Istanbul’s ousted opposition mayor is leading President Recep
Tayyip Erdogan’s AK Party candidate by three percentage points ahead of next
month’s re-run mayoral election, according to an opinion poll conducted for the
The president’s party is seeking to reverse a dramatic and narrow loss to the main opposition Republican People’s Party (CHP) candidate Ekrem Imamoglu in March, one of the biggest election setbacks to Erdogan’s 16-year hold on power.
Authorities annulled the result after AKP complaints of irregularities, ending Imamoglu’s mayoral term after less than three weeks and calling a new election for June 23.
The poll is broadly in line with other surveys of voter intentions in recent days in Turkey’s largest city and commercial hub, which has been ruled by the AKP and its Islamist predecessors for the last 25 years.
“There were polls where Imamoglu was further ahead, but according to the latest poll conducted by our party, Imamoglu is three points ahead,” an AKP official told Reuters on Thursday.
AKP officials hope that Erdogan, a veteran of more than a dozen election victories, can turn the vote in favor of their candidate, former Prime Minister Binali Yildirim.

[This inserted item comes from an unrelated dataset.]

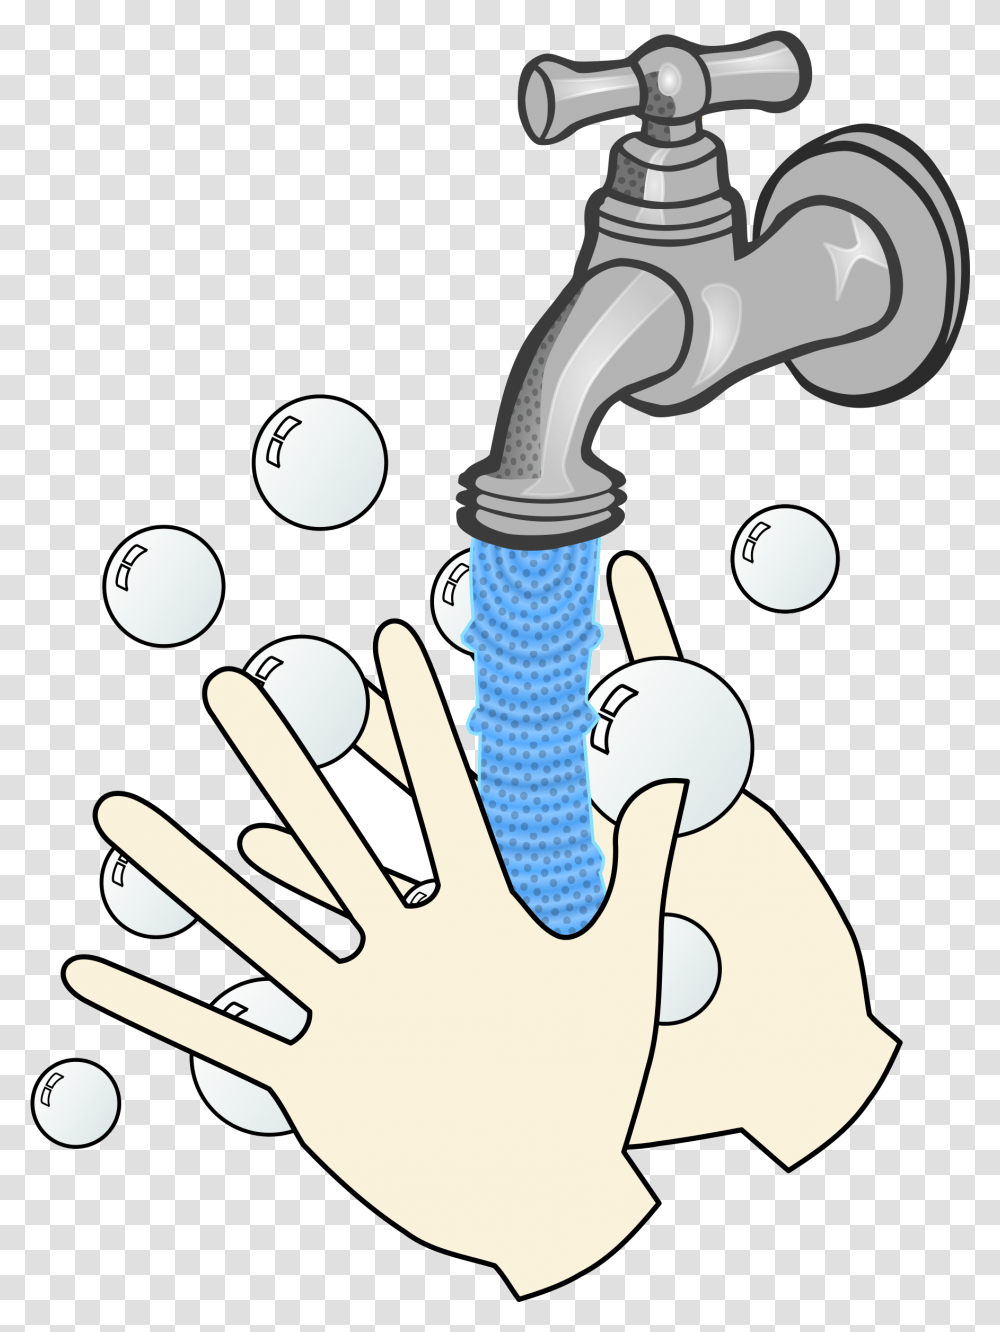 Download Running Water Images Wash Your Hands With Soap And Water, Indoors, Sink Faucet, Washing Transparent Png

But he will be campaigning in the depths of an economic recession that has eroded support for his party.
Senior AKP officials, including ministers, are already “camped” in the city two weeks before the start of campaigning.
Party officials have said Erdogan may also need a change of tone after a bitter and confrontational AKP campaign failed to achieve victory in March.
“It will be a much nicer and milder campaign,” a source close to the AKP said. “Erdogan will increasingly put weight on Istanbul in the coming days as the vote approaches. Yildirim has a chance.”
Mehmet Ali Kulat, chairman of pro-government pollster MAK, said Imamoglu had a two-point lead over Yildirim, partly because of public unease at the cancellation of the March 31 vote result.
Key to next month’s re-run, Kulat said, would be Kurdish voters in Istanbul. Kurds formed the majority of non-voters in the March ballot, which had an 85% turnout.
The pro-Kurdish HDP party has not put up a candidate in Istanbul, leaving most Kurds to vote for Imamoglu. It has also indicated that it would support Imamoglu in June, but the AKP also attracts some Kurdish support and will be seeking to build on that next month.
“Their (Kurdish voters) stance will be critical,” Kulat said. Kurds make up around 15% of Istanbul’s population of more than 15 million.
Suleyman Celebi, a lawmaker for the CHP in Istanbul, said the party would not seek a special approach to win over Kurdish voters, but would be trying to maximize support across the city.
Final results from the March mayoral election showed the CHP’s Imamoglu earning 48.80% of votes, while Yildirim had 48.55%.
CHP Deputy Chairman Onursal Adiguzel said his party would not ease up just because opinion polls showed Imamoglu ahead.
“We are racing against a candidate who uses all of the state’s resources and the president, so we will not act based on polls,” Adiguzel told Reuters.